How does a casino license work in Japan?

For readers newer to the Japanese market, the system in brief: Japan legalized casinos in 2018, but only inside "integrated resorts" (IRs) — large complexes that must include conference facilities, exhibition space and hotels, with the casino itself capped at 3% of total floor area. The country will approve a maximum of three IR zones nationwide. A prefecture first selects a private operator as its partner, then applies jointly to the central government. The next — and for now, only — national application window runs from May 6 to November 5, 2027. Osaka holds one of the three slots, so at most two remain. Japanese residents pay an entry fee to enter the casino floor; foreign visitors do not.

In other words: an operator cannot simply apply for a Japanese casino license. It has to win a prefecture first. Right now, Aichi is one of the only prefectures offering that chance.

Why has nobody applied yet?

The early signals looked strong. A consultation in late February drew responses from fifteen companies, several expressing interest in becoming the operator. On April 1, Aichi opened the formal process: declarations of participation due July 31, competitive dialogue through the summer, detailed proposals in autumn, an operator candidate selected by spring 2027.

Then came the part that tells you more than the press releases. In mid-June, the prefecture quietly extended its deadlines. Several operators had asked for more time to study their plans, and the proposal deadline slipped from autumn toward winter. As of June 17, according to local press, the number of companies that had formally declared participation was zero.

The gap between informal interest and a signed declaration is where the real story sits. Committing to a Japanese IR bid means committing to Japanese IR economics: Osaka's budget has already swelled well past its original estimates, the regulatory framework is among the strictest anywhere, and the recent history is a graveyard — Yokohama withdrew after a mayoral election, Nagasaki's bid was rejected over financing doubts, Wakayama's collapsed in its own assembly.
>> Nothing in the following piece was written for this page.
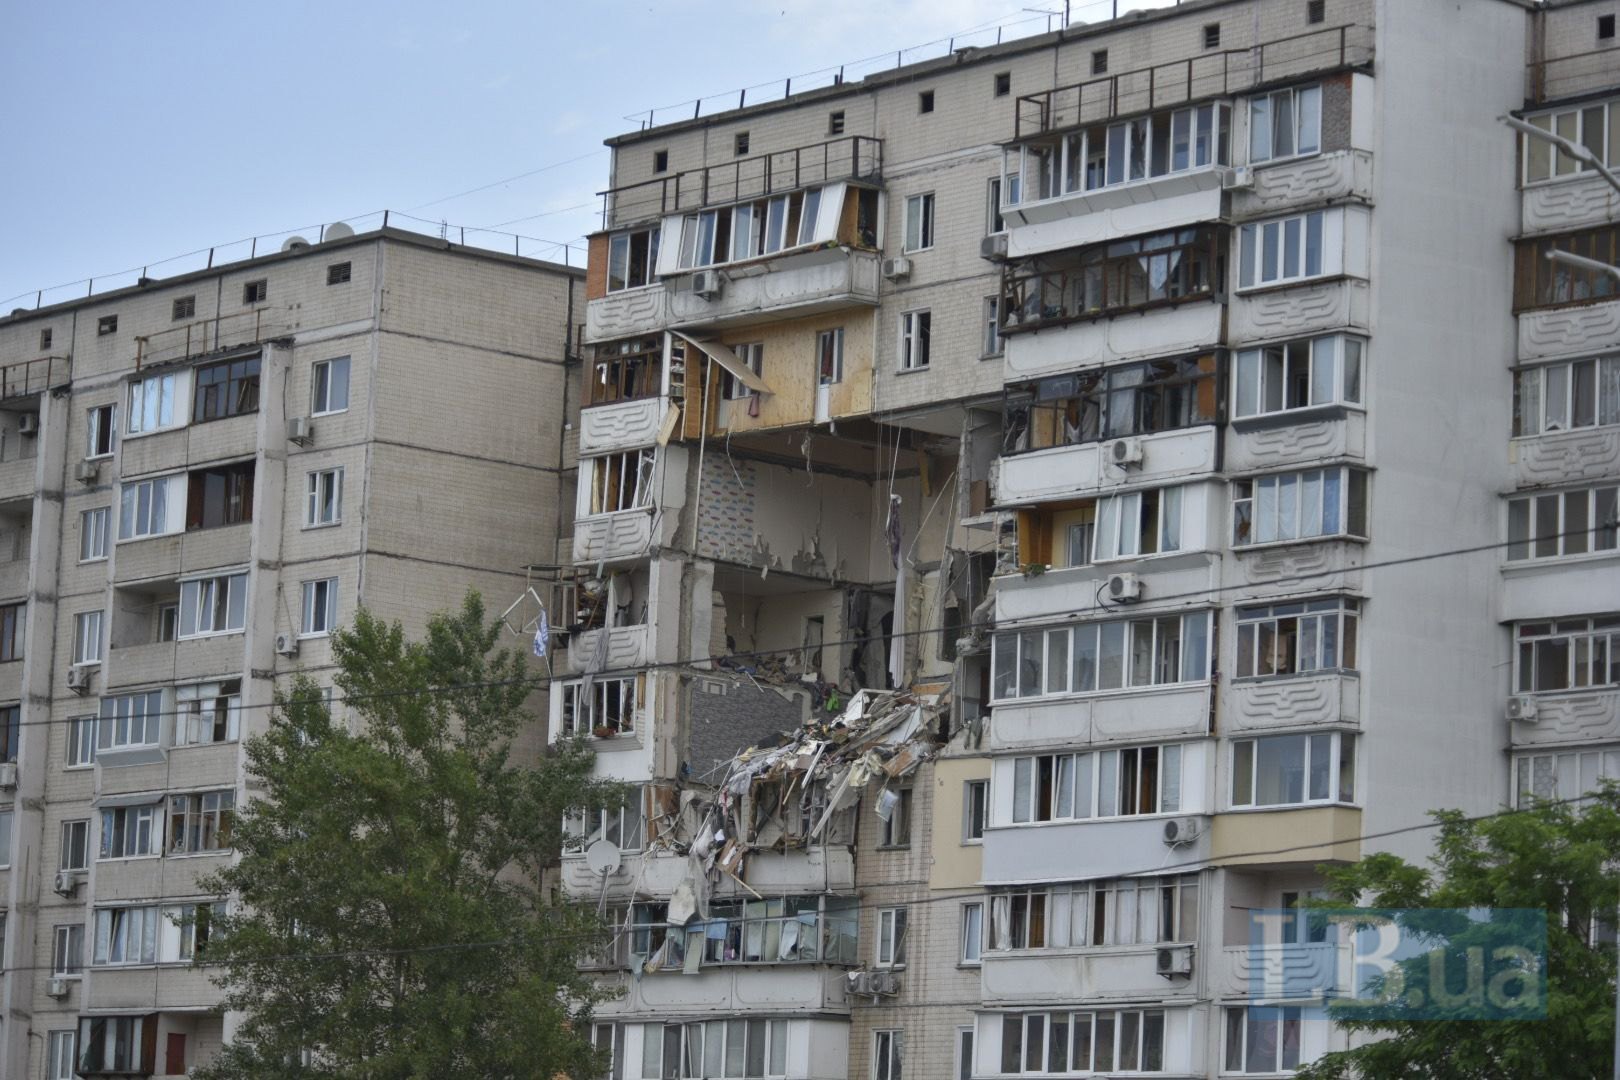 The aftermath of a gas explosion in a high-rise building in Poznyaky, Kyiv

Any operator signing up for Aichi is underwriting a decade-long, multi-billion-dollar bet on a market that has so far approved exactly one project.

None of which means the window is worthless. It means the window is being priced.

The signal

For global operators, Aichi is now effectively the last open door into Japan this decade — the other remaining slot has no active, credible bid attached to it. The companies that told Aichi they wanted more time were not saying no; they were saying the numbers need to work. Watch the autumn-to-winter filing period. Whoever puts a declaration on the table first will be negotiating with a prefecture that, by then, knows exactly how thin its field is — and that leverage cuts both ways.

A once-in-a-decade license with no queue in front of it is either a warning or an opportunity. In Japan, it has a habit of being both.

We track how money, players and regulation move across East Asia's gaming markets. If you operate in this space and see something we should be watching, reply to this email.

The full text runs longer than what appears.